- Steiner with the Boston Red Sox, c. 1945
- Catcher
- Born: January 7, 1915 Los Angeles, California, US
- Died: November 16, 2001 (aged 86) Gardena, California, US
- Batted: LeftThrew: Right

MLB debut
- May 11, 1945, for the Cleveland Indians

Last MLB appearance
- September 29, 1945, for the Boston Red Sox

MLB statistics
- Batting average: .190
- Home runs: 0
- Runs batted in: 6
- Stats at Baseball Reference

Teams
- Cleveland Indians (1945); Boston Red Sox (1945);

= Red Steiner =

American baseball player (1915–2001)

James Harry "Red" Steiner (January 7, 1915 – November 16, 2001) was an American professional baseball catcher. He played a total of 38 games in Major League Baseball during 1945 for the Cleveland Indians and Boston Red Sox. Listed at 6 ft 0 in and 185 lb, he batted left-handed and threw right-handed.

==Biography==
Steiner played for various minor league teams from 1934 to 1944, then one final season with the Sacramento Solons of the Pacific Coast League in 1950; he appeared in a total of 1165 minor league games.

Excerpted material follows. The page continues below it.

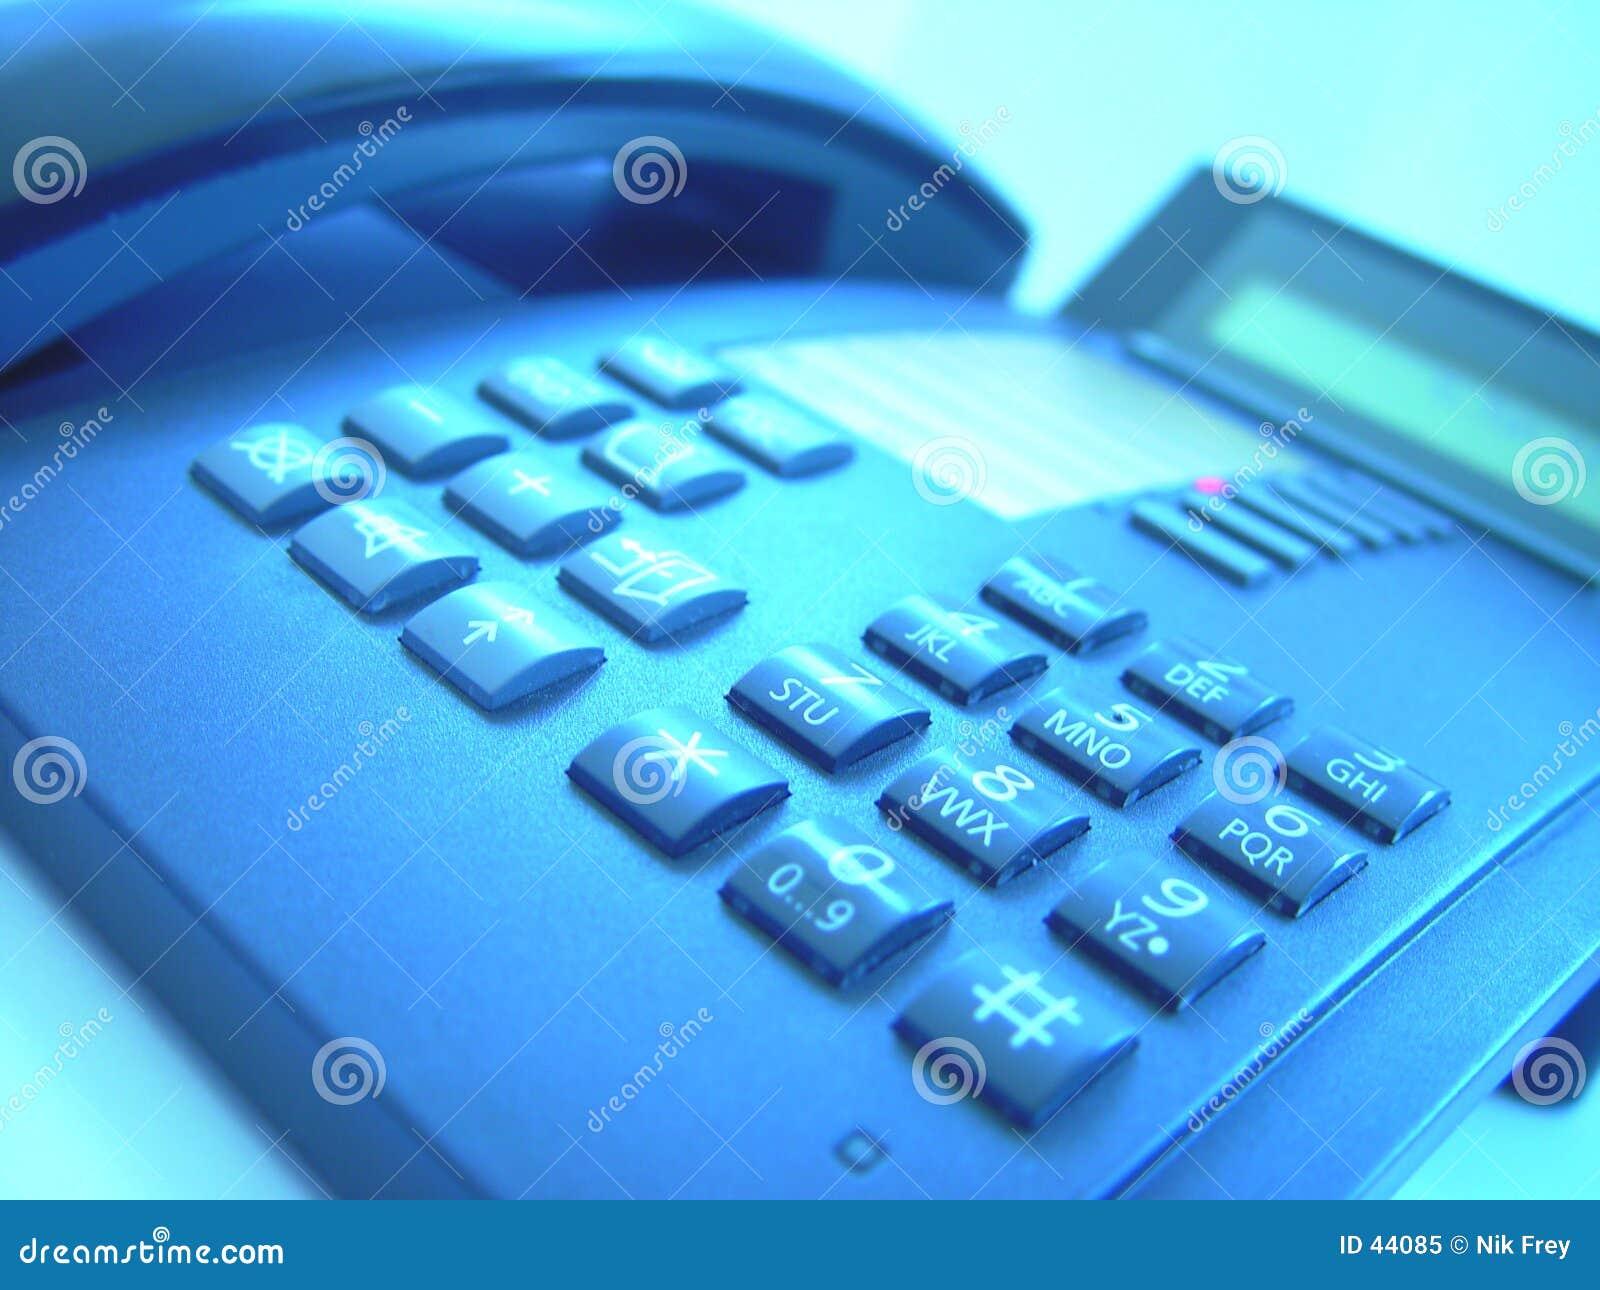 4 nauk telefon

Steiner was one of many players who only appeared in the major leagues during World War II. During the season, he played 12 games for the Cleveland Indians, had his contract sold for $7500 on August 10, and then played 26 games for the Boston Red Sox. Overall, he was 15-for-79 at the plate for a .190 batting average, with no home runs and six RBIs. In 28 catching appearances, he posted a .989 fielding percentage (one error in 91 chances).

Steiner additionally played in the Mexican League during 1946, 1947, and 1949.

Steiner was a native of Los Angeles, California. He died in Gardena, California, at the age of 86 in 2001.